* Directions: Beginning with the line that holds "The Other Crate Record Fair", copy every remaining line of the listing below exactly, and leave the pictures out.

* Data shown:
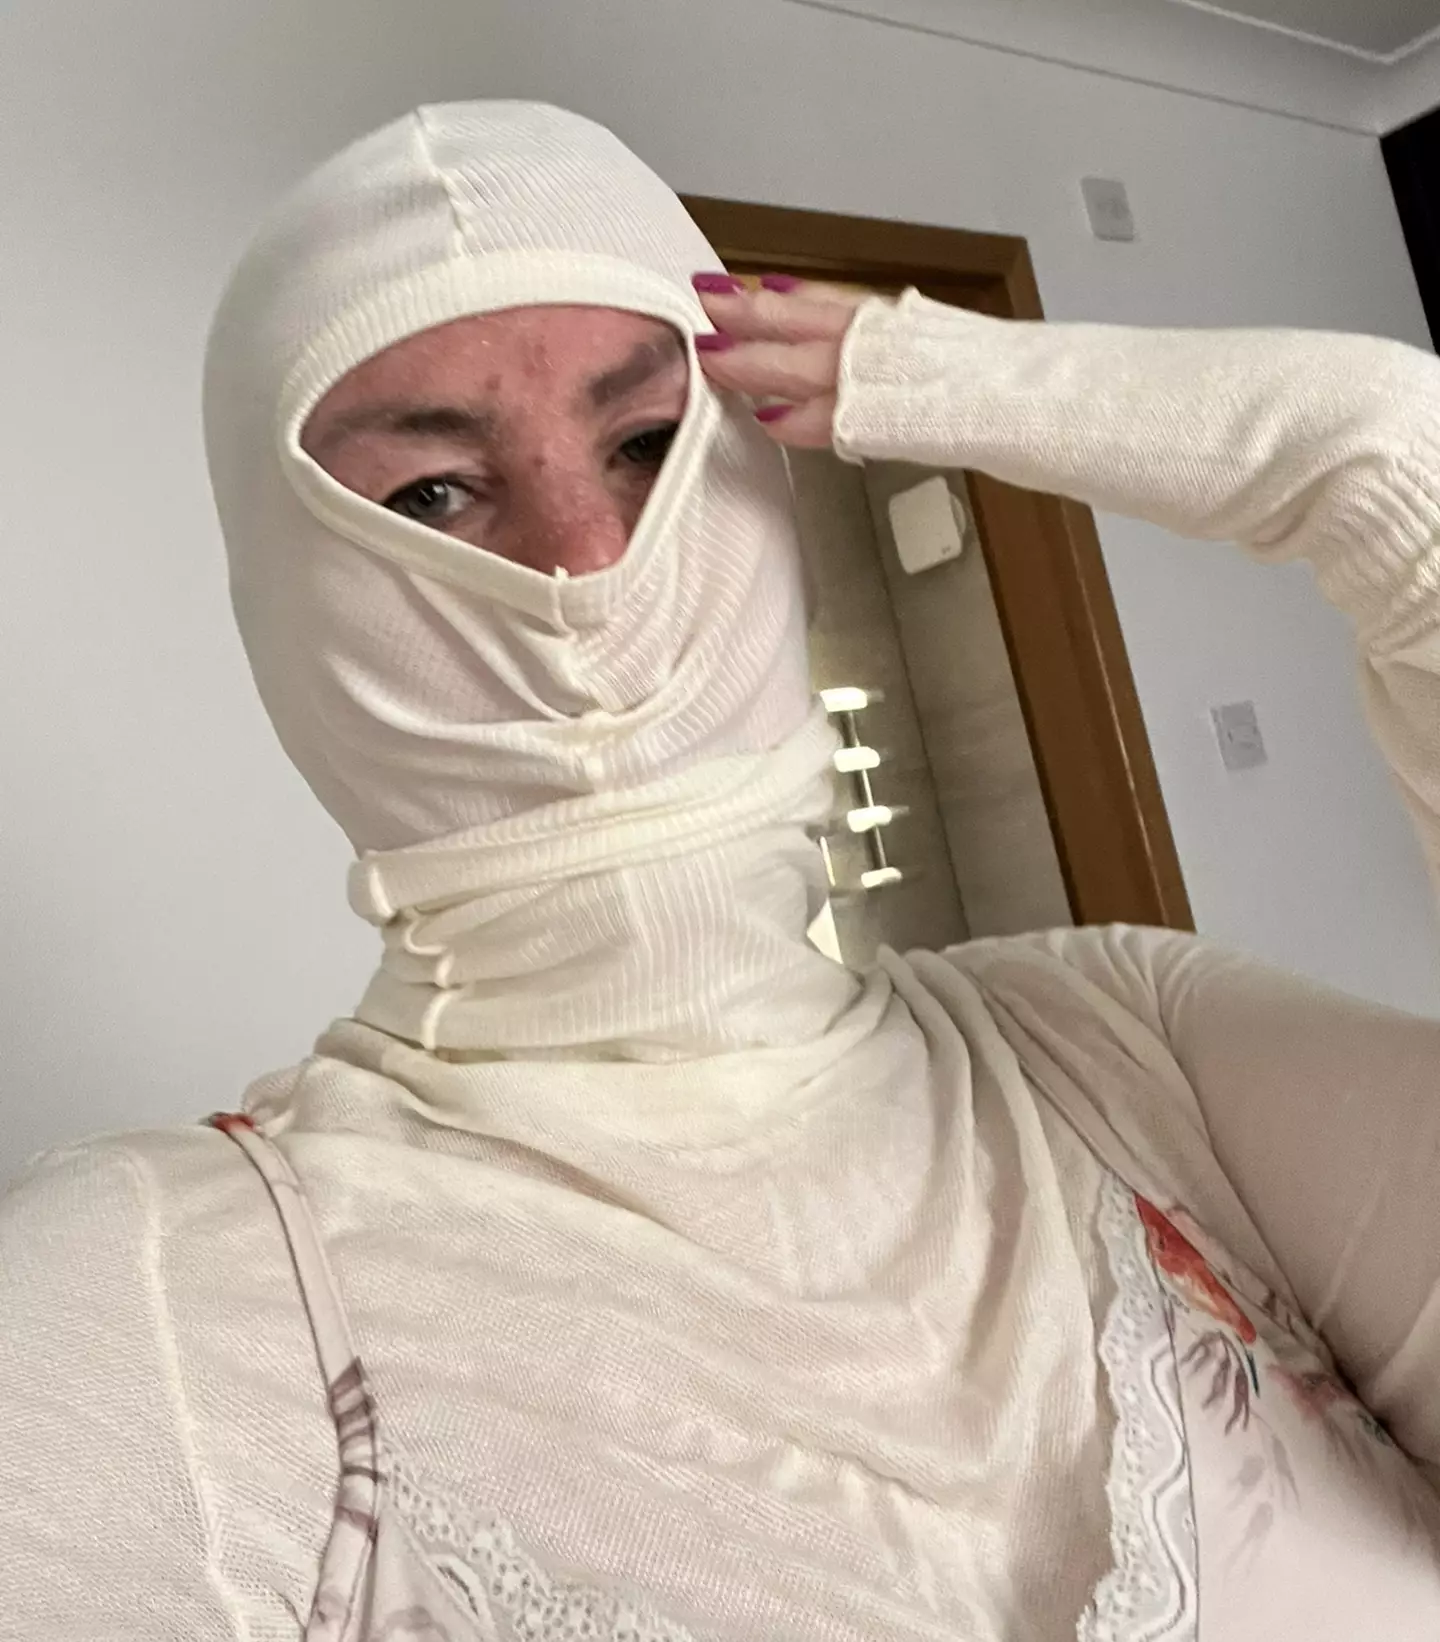 Flett would resort to wearing a balaclava and full upper-body bandages to ease the itching.
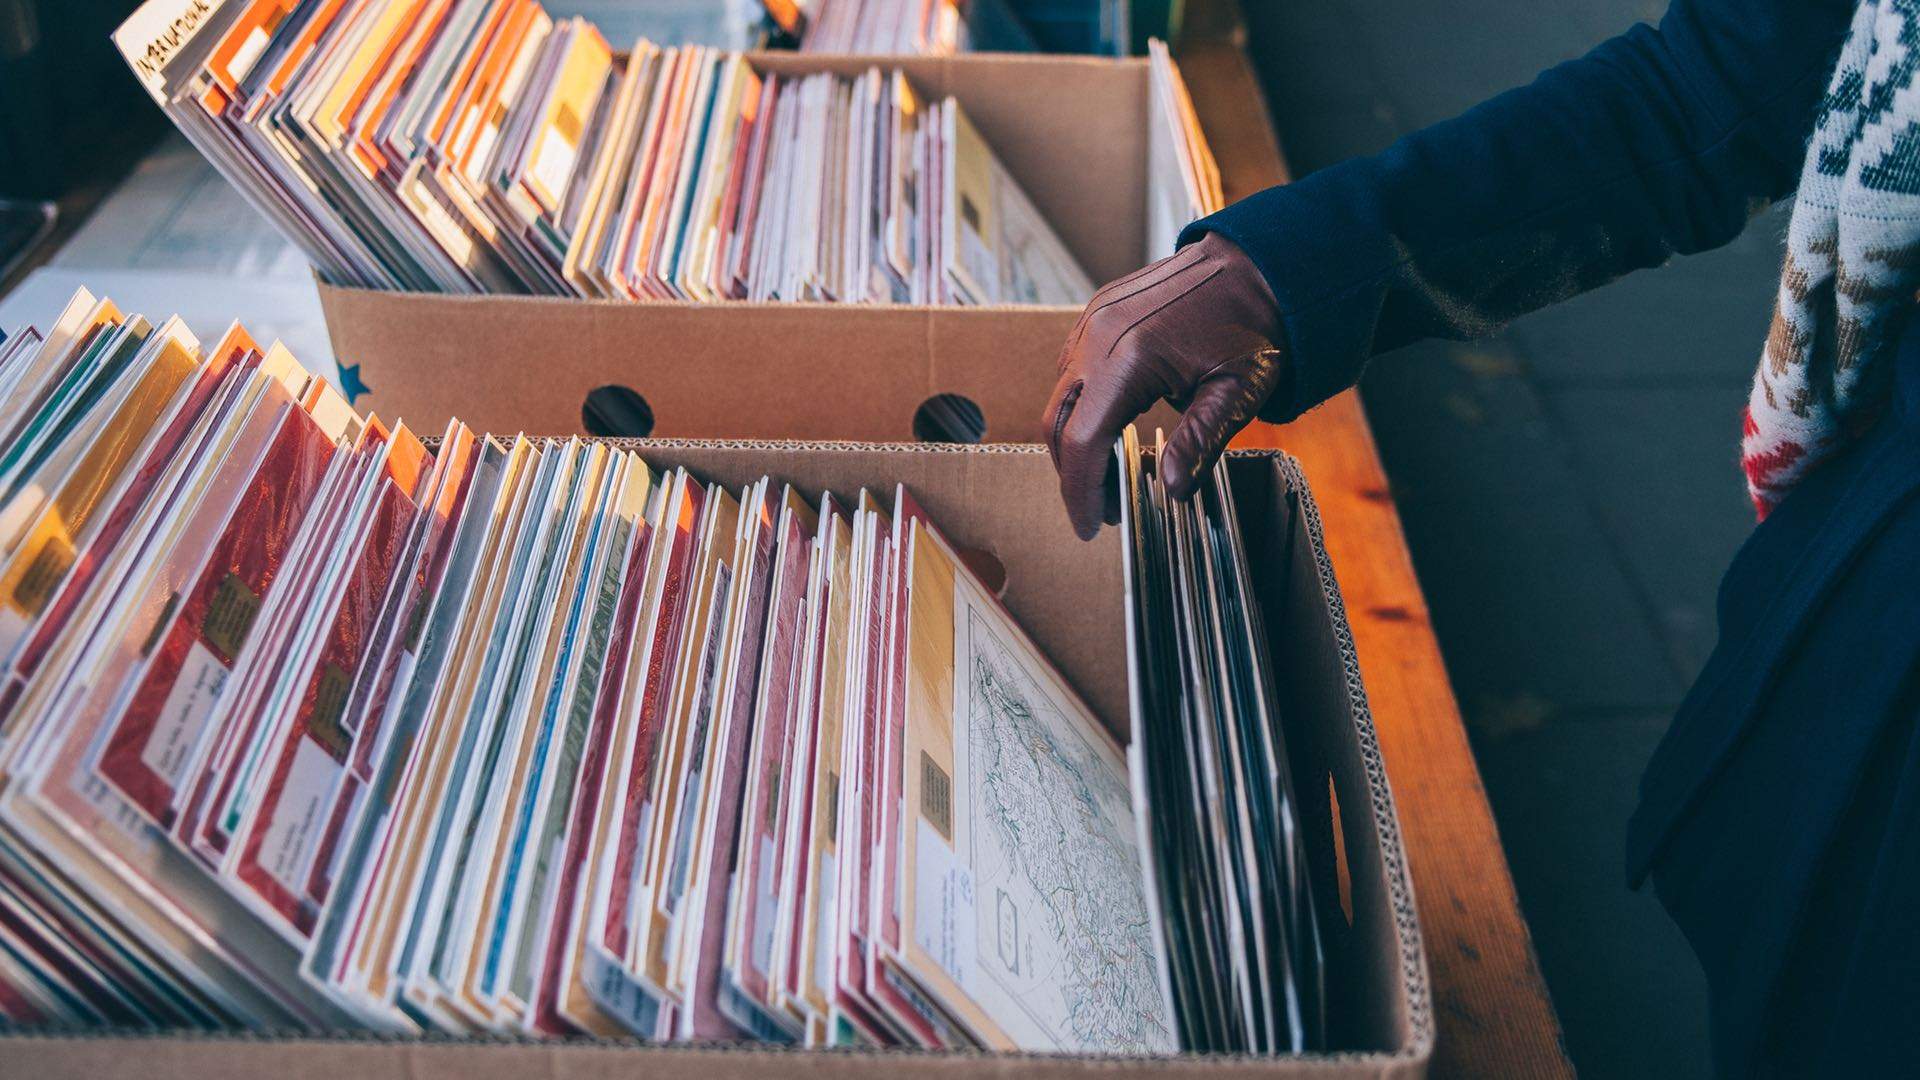 The Other Crate Record Fair
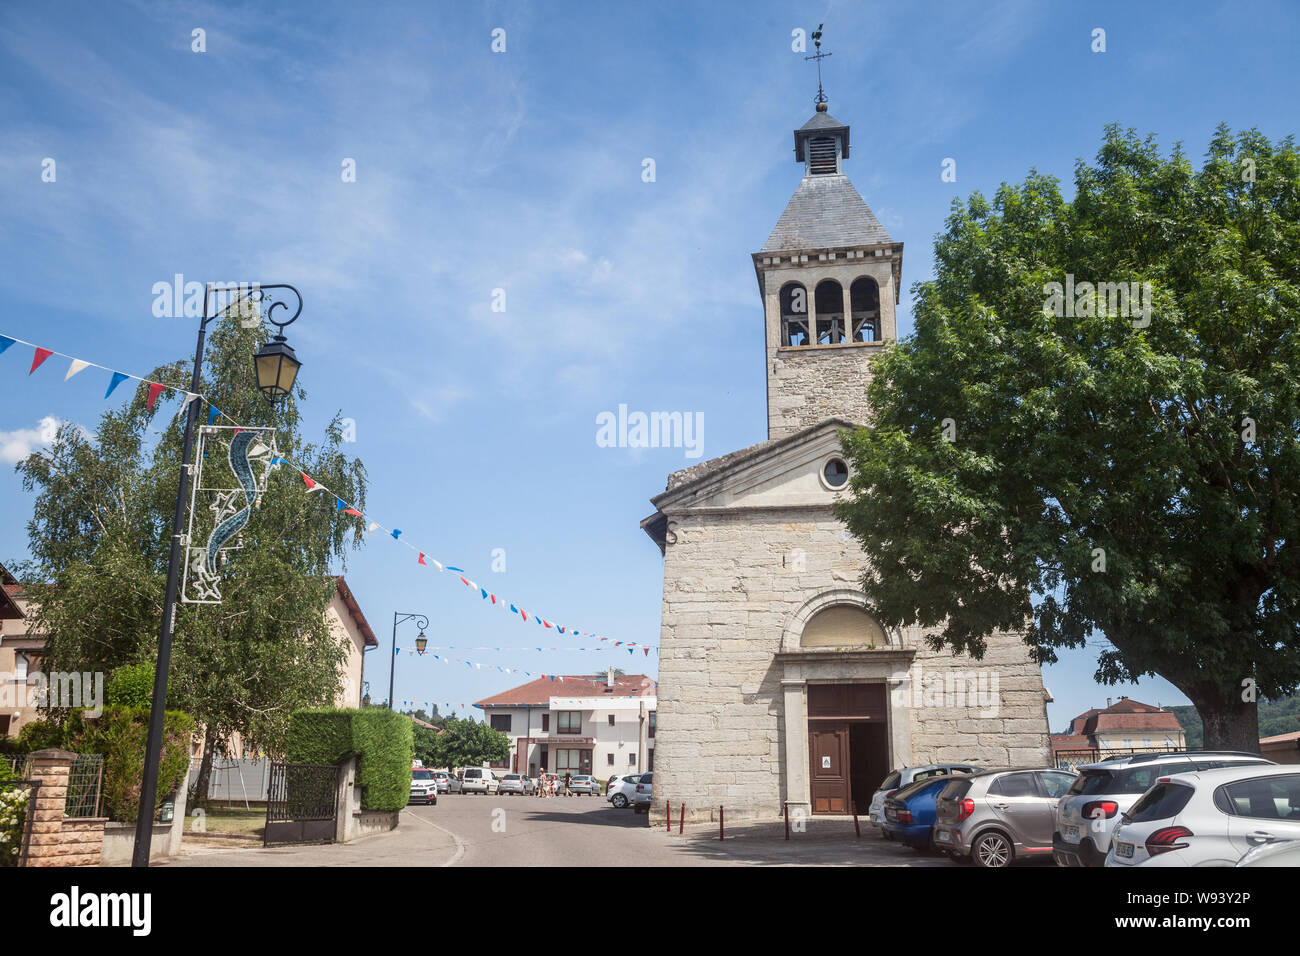 SAINT SAVIN, FRANCE - JULY 16, 2019: Catholic church in the center of Saint Savin, a typical French village of the countryside of Iseare, in the provi Stock Photo

* Answer to this problem:
 The Other Crate Record Fair
 SAINT SAVIN, FRANCE - JULY 16, 2019: Catholic church in the center of Saint Savin, a typical French village of the countryside of Iseare, in the provi Stock Photo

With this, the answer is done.